> [REQUIRED ACTION]
The material beneath this line should be printed exactly, with its pictures omitted.

> [THE DATA]
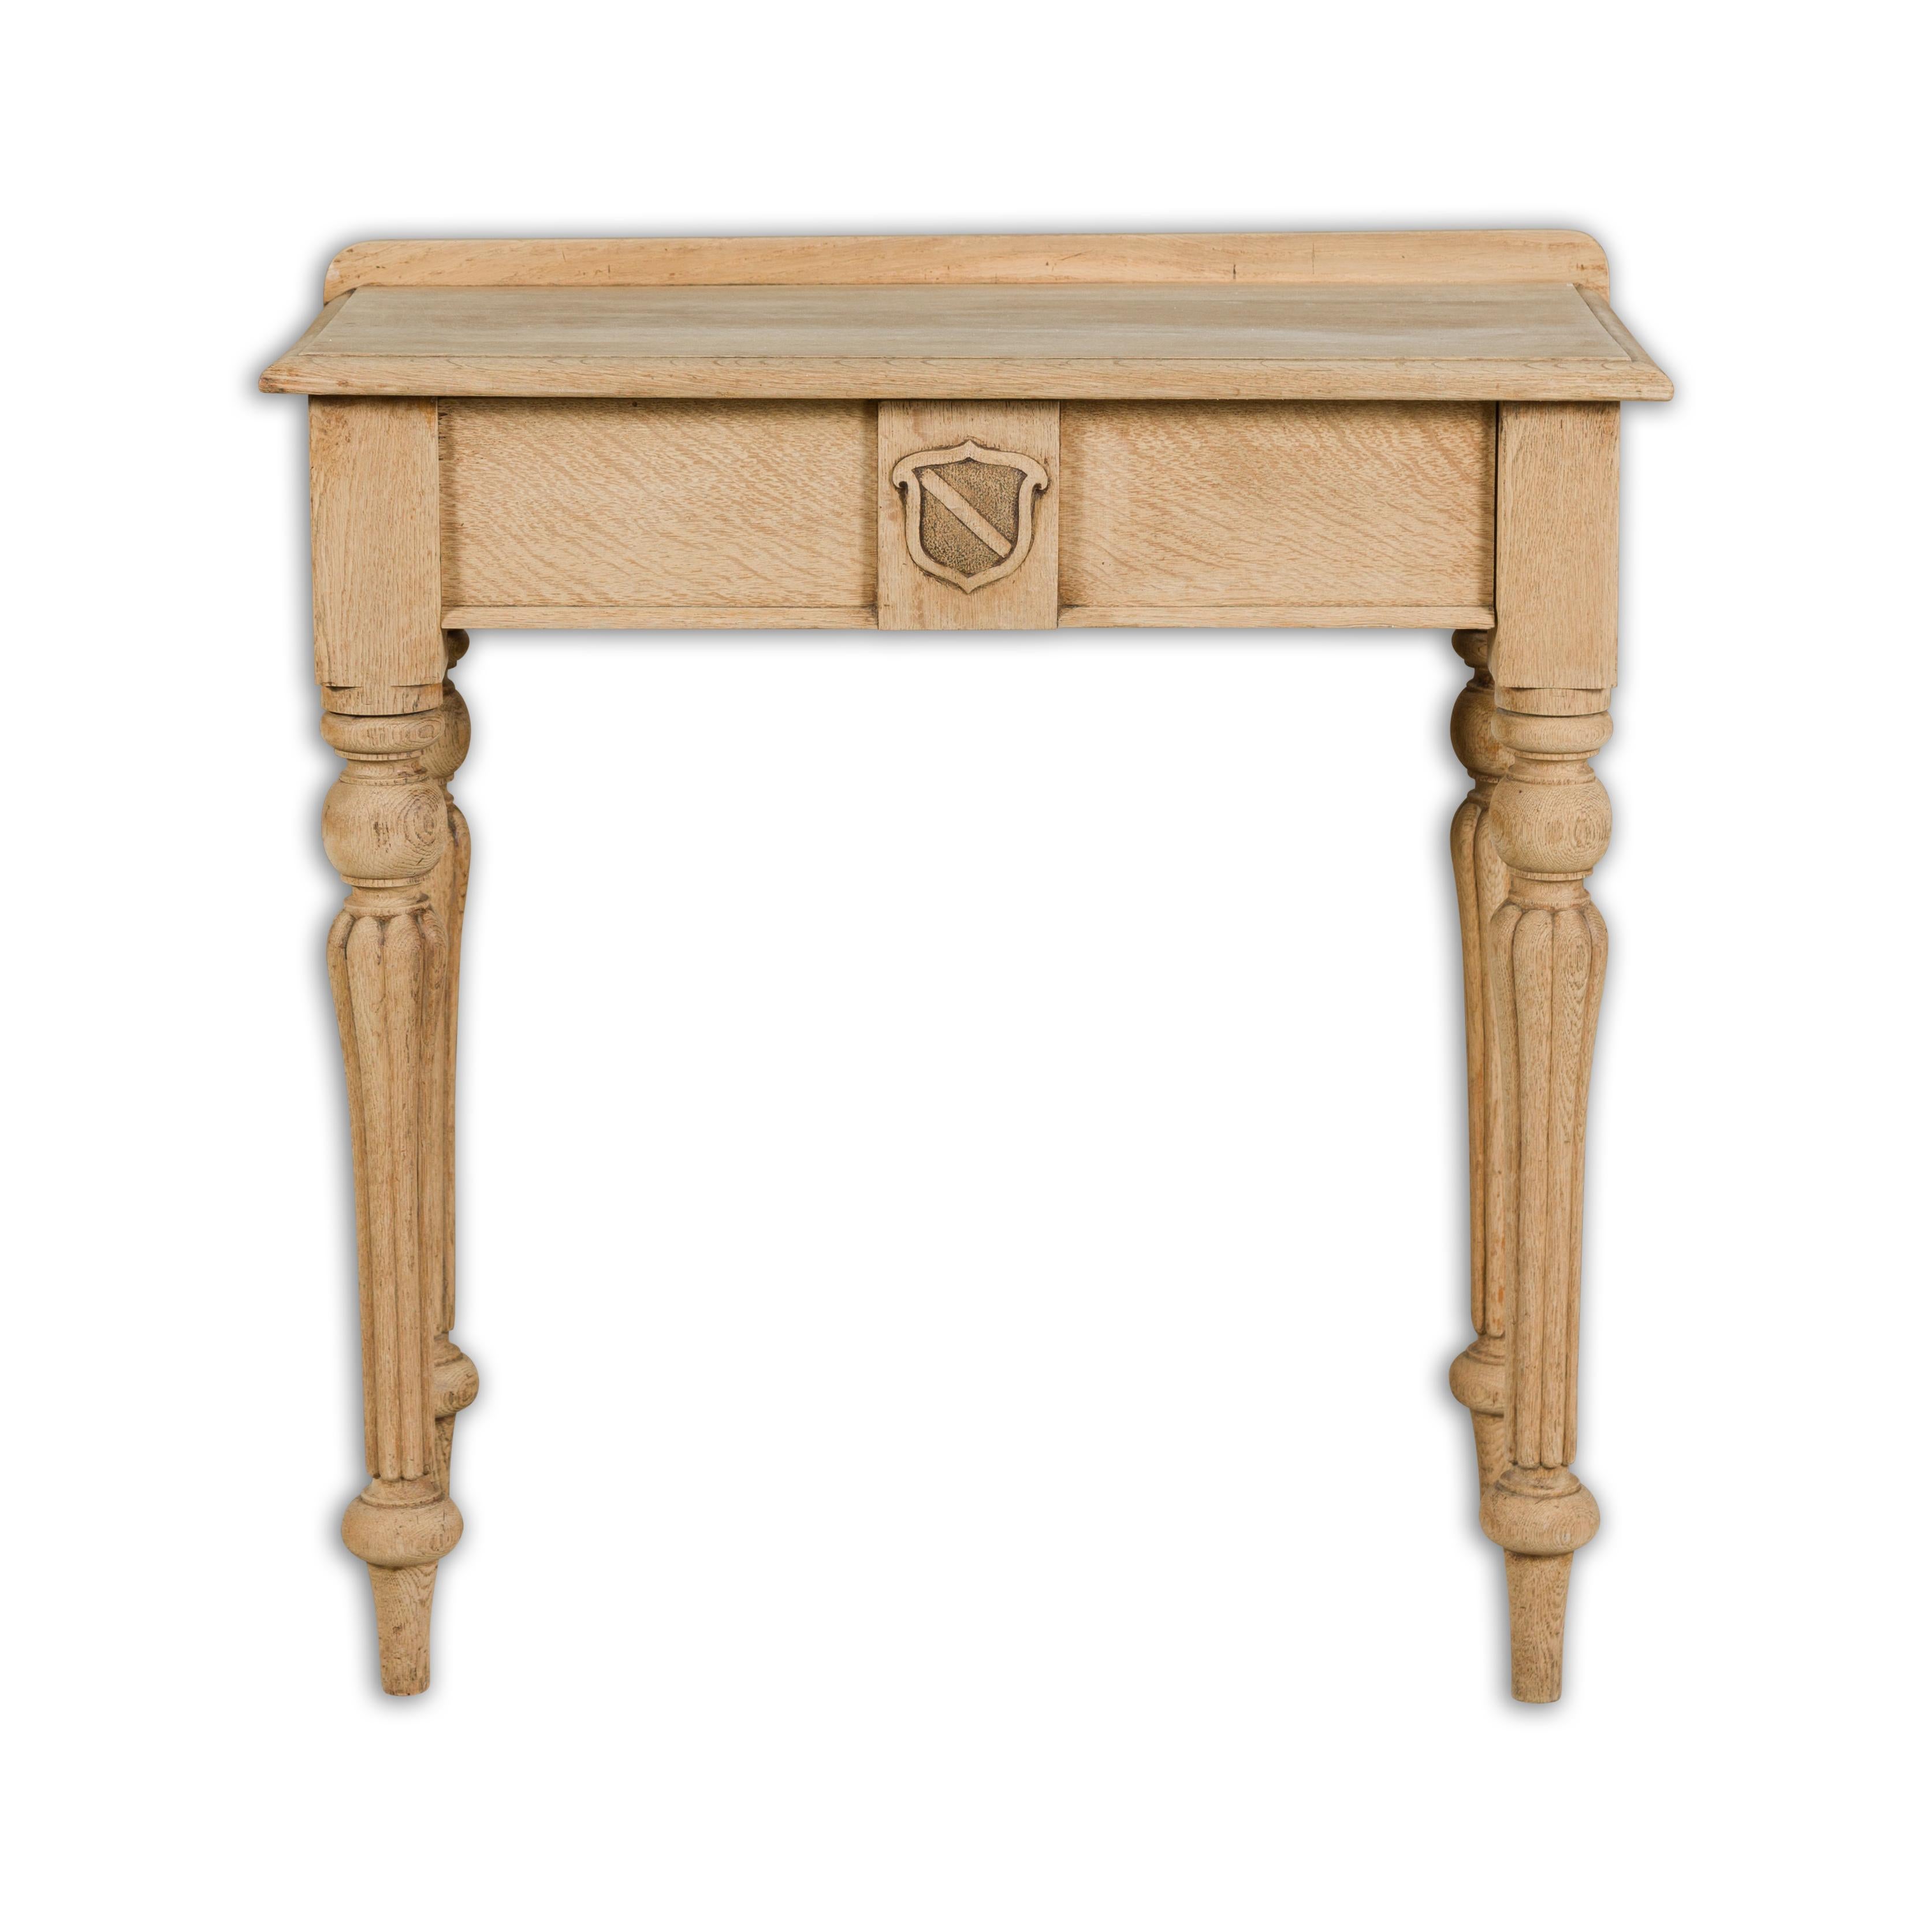 An English bleached oak side table from the 19th century with slightly raised back, single drawer carved with a shield in low-relief, four turned legs adorned with gadroon effects. Introducing a 19th-century English bleached oak side table,
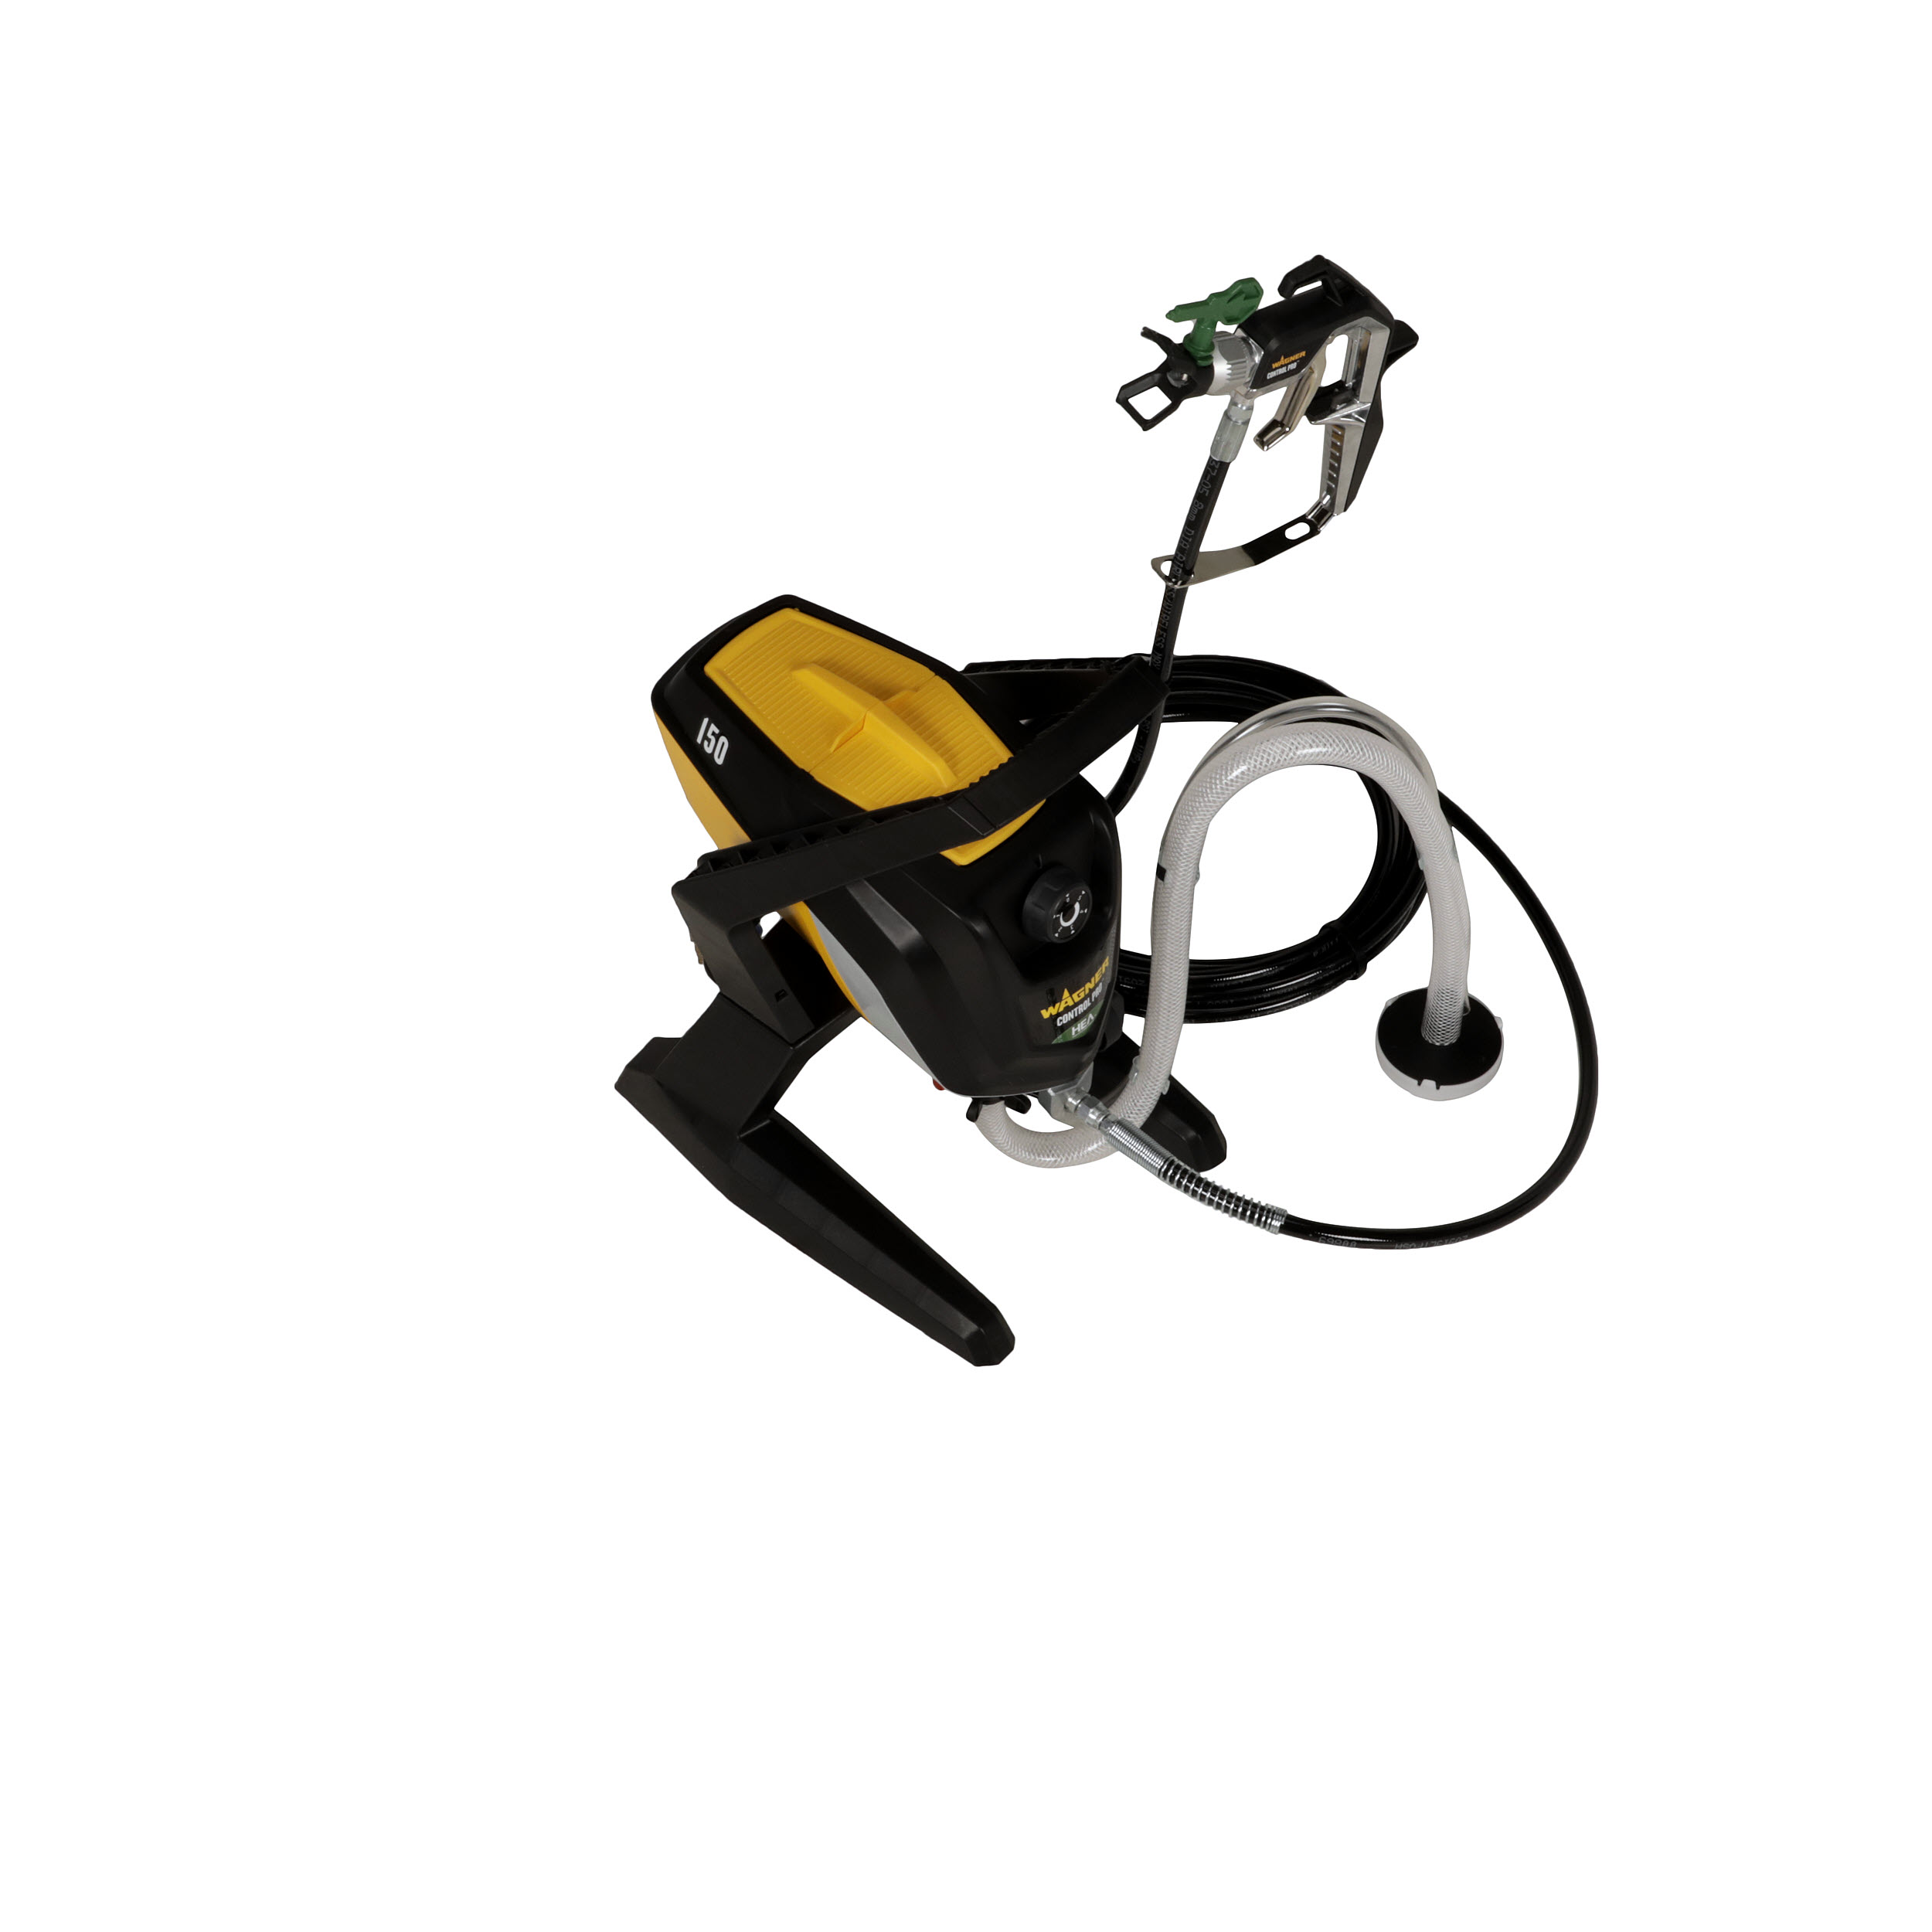 Wagner Control Pro 150 High-Efficiency Airless Sprayer — Includes 25ft.  Hose, Model# 0580000
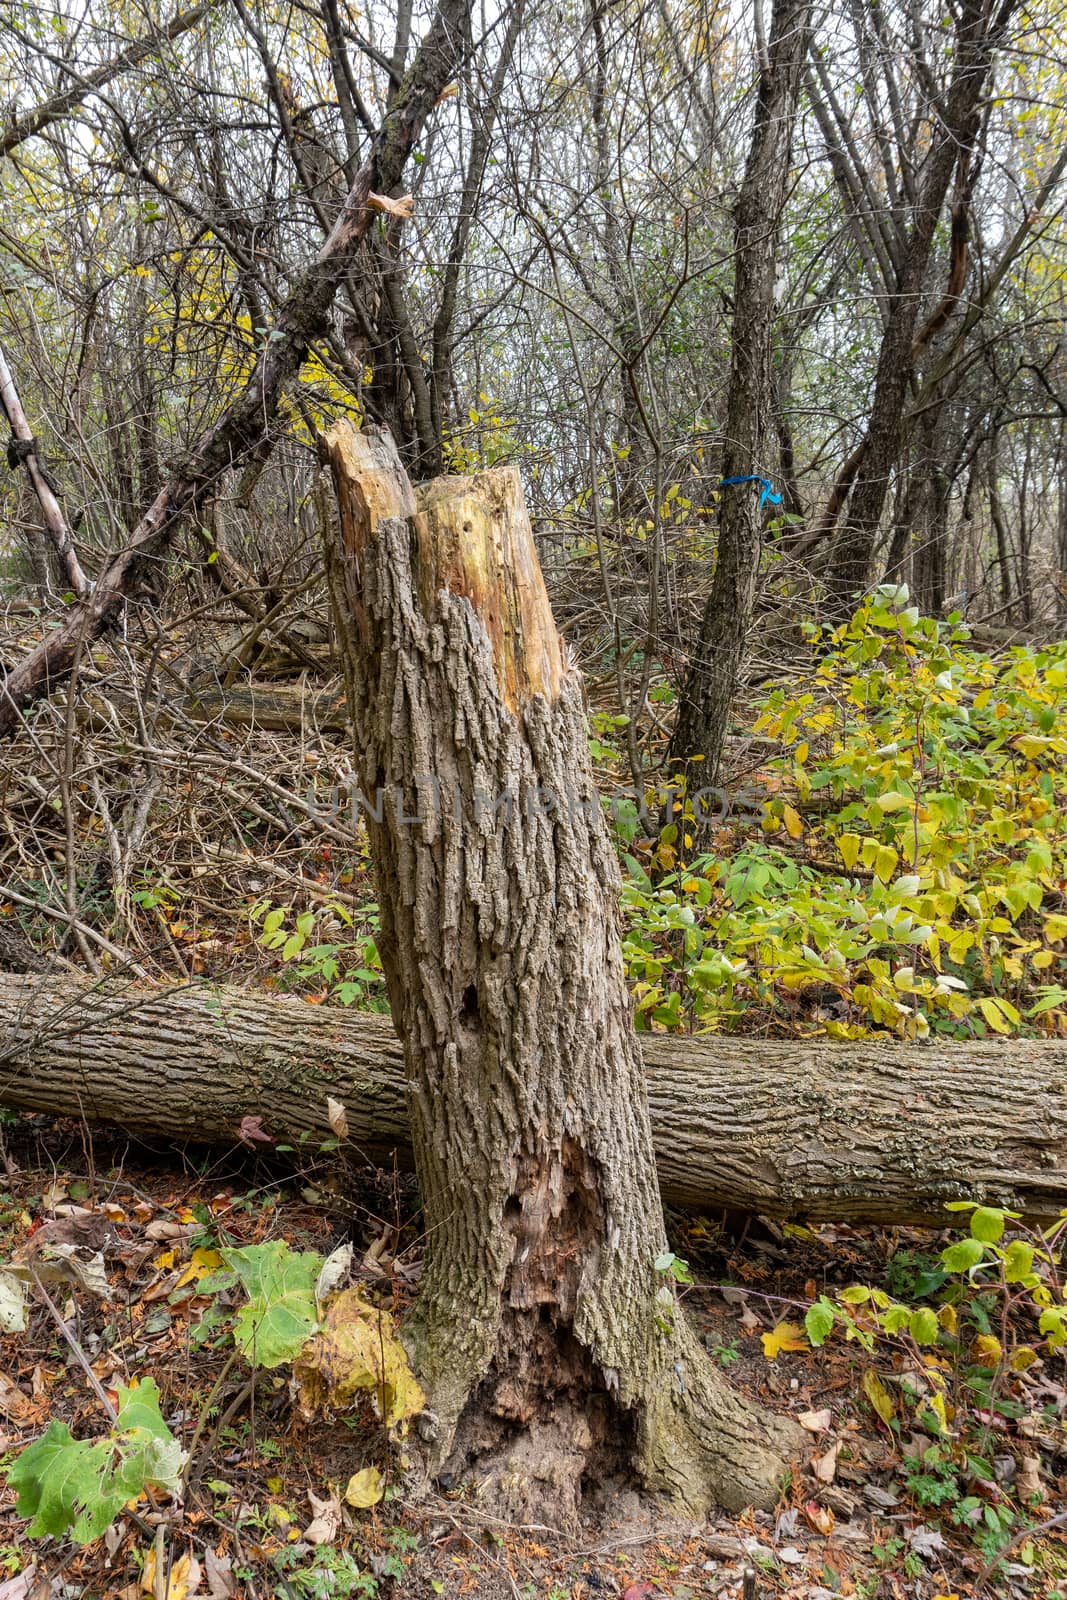 A broken tree and a rotting stump nearby is a wildlife. It has its own laws.

> [RESULT BELOW]
 An English bleached oak side table from the 19th century with slightly raised back, single drawer carved with a shield in low-relief, four turned legs adorned with gadroon effects. Introducing a 19th-century English bleached oak side table,
 Wagner Control Pro 150 High-Efficiency Airless Sprayer — Includes 25ft.  Hose, Model# 0580000
 A broken tree and a rotting stump nearby is a wildlife. It has its own laws.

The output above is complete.